Any implements come with the machine or what do you have in mind? If you machine has the UFO control, would be nice to have it functioning to help control depth and tilt of implements.


----------



## Zetor (Dec 16, 2010)

Sorry winston, yes , in the radiator oveflow bottle, the tube going in have a milky foamy coating. no bubbles when it runs cold and engine oil or dipstick have no any signs of milkiness


----------



## Zetor (Dec 16, 2010)

Mickey, yes it's from the dealer. No implements, no ROPS, no UFO control.


----------



## Zetor (Dec 16, 2010)

Mickey, I like to use the tractor around the house, do some dirt digging, need foundation for new garage and take care of 2ac garden. The dealer is manufacturing backhoes to, not bad for $2500. I know the yanmars are more for ag use, then construction. I just like the yanmars reliability. Is there another model (yanmar) , more universal so I can attach FEL and backhoe without much worry about front tires?
Sorry about these questions, I'm learning about tractors, always love them but never have one yet. Now I need one very badly!!


----------



## winston (Aug 19, 2008)

I would think a white oily foam in the radiator overflow tube could only come from the engine. No reason for oil to be in the radiator or cooling system. Maybe it happened a long time back and was repaired. I would want to run the tractor a good bit and put it through the paces as much as is possible watching for anything happening with the radiator or overflow bottle.


----------



## Mickey (Aug 14, 2010)

The problem I mentioned about front axle has much to do with the fact the F series are so short coupled and weight transfer is high. On the Fx24 I have I have weighed it and did the math on weight transfer and for every pound in the bucket the front axle sees 2 pounds of added weight. An older model with a longer wheelbase would help. I'm just not familiar with other models to make any recommendations.

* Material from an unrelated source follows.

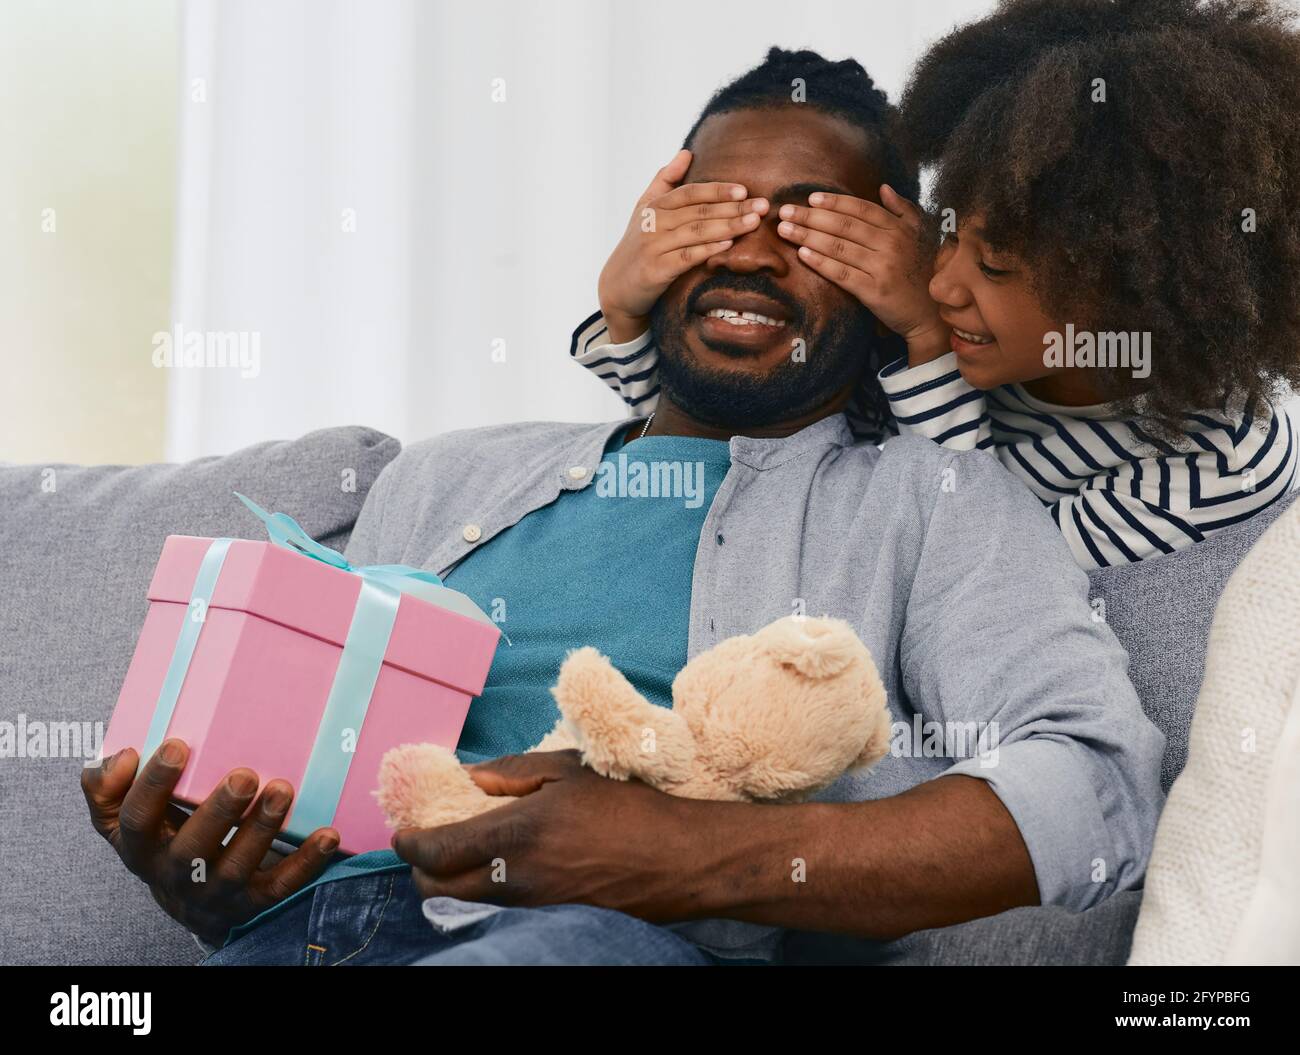 Une petite fille afro-américaine donne à son père un cadeau pour la fête des pères. Surprise de la fille pour le père Banque D'Images

Ya might give Ernie a call at Ernie's imports. Is a nice guy and the dealer where I bought my Yanmar. Used Yanmar tractors, New Mahindra tractors, New Branson Tractors from Ernie's Imports Inc


----------



## Jerry/MT (Feb 11, 2010)

Zetor said:


> Hi everybody, I'm new to this forum. Past week I found very nice, clean not abused Yanmar FX 24 D with new Coldwater FEL . Starts every time, at first little black smoke, but I think that's normal, but; I opened the overflow and run fingers over the inside tube, it had like white oily foam, not much but I'm worry now. Maybe head gasket? The price is $6100, and the meter reads 1011 hours. Radiator cap is clean and everything on the tractor works. Is it keeper or ..... please help...


Some coolant additives have a soluable oil in them to lube the water pump seals. Maybe that's what you're seeing.

Run the tractor til the thermostat opens and look for bubbles in the coolant. I f you don't see any, the head gasket is good in the area of the coolant holes. Check for water in the lube oil. If that's clear, I don't think the engine has a problem.


----------



## Zetor (Dec 16, 2010)

Thank You guys very much for all the info; for me very educational .


----------